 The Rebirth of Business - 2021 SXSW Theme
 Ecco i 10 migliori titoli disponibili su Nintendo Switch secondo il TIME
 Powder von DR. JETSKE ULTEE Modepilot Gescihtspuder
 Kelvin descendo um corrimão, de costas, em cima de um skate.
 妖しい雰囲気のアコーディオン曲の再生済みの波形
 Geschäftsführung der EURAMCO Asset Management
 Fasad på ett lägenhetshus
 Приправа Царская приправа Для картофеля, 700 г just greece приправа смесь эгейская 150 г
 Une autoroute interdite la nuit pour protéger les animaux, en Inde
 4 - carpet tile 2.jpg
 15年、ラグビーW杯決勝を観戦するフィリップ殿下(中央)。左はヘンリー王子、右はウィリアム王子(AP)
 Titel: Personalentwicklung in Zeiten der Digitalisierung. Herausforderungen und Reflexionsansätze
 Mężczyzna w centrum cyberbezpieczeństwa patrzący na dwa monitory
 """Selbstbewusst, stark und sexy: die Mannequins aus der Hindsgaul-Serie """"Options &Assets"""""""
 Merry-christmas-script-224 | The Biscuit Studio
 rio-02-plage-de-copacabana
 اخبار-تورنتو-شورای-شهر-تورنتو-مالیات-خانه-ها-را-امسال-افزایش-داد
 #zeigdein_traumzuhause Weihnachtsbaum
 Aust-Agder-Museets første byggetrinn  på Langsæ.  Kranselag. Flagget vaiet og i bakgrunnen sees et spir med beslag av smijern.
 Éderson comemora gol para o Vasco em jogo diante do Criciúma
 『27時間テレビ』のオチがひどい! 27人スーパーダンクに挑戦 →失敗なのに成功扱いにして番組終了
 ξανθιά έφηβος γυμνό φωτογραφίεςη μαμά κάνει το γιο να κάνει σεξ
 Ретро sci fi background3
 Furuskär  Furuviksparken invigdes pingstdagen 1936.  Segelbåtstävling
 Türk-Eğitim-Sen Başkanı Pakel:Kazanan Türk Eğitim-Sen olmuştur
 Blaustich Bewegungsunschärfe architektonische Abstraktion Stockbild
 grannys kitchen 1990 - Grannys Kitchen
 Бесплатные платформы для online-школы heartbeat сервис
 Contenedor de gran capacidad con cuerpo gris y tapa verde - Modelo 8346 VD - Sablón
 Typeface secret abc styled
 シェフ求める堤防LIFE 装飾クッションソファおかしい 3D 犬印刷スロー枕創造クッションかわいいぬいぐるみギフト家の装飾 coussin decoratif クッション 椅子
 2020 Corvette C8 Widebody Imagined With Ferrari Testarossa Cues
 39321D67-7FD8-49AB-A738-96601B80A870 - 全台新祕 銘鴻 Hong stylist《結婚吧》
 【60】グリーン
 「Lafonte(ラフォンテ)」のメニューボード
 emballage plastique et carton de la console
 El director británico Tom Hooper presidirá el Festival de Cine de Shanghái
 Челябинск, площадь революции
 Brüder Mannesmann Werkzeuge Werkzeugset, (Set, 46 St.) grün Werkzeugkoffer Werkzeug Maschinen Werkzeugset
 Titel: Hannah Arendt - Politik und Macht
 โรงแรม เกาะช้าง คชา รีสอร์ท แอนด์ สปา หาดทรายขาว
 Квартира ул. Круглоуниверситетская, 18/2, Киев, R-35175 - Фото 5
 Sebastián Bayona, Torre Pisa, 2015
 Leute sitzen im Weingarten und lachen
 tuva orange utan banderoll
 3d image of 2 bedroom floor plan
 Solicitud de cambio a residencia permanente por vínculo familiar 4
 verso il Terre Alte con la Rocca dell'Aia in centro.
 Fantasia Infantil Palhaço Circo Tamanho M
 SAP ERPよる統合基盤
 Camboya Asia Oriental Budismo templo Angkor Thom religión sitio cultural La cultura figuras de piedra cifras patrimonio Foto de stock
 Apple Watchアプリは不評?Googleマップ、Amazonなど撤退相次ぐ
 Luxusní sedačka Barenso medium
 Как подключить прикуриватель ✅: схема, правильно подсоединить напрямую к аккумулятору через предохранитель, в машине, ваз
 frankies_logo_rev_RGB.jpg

• WORK INSTRUCTIONS
Could you return exactly the lines above from the line with "4 - carpet tile 2.jpg" to the line with "#zeigdein_traumzuhause Weihnachtsbaum", both included, and nothing else?

• RESULT
 4 - carpet tile 2.jpg
 15年、ラグビーW杯決勝を観戦するフィリップ殿下(中央)。左はヘンリー王子、右はウィリアム王子(AP)
 Titel: Personalentwicklung in Zeiten der Digitalisierung. Herausforderungen und Reflexionsansätze
 Mężczyzna w centrum cyberbezpieczeństwa patrzący na dwa monitory
 """Selbstbewusst, stark und sexy: die Mannequins aus der Hindsgaul-Serie """"Options &Assets"""""""
 Merry-christmas-script-224 | The Biscuit Studio
 rio-02-plage-de-copacabana
 اخبار-تورنتو-شورای-شهر-تورنتو-مالیات-خانه-ها-را-امسال-افزایش-داد
 #zeigdein_traumzuhause Weihnachtsbaum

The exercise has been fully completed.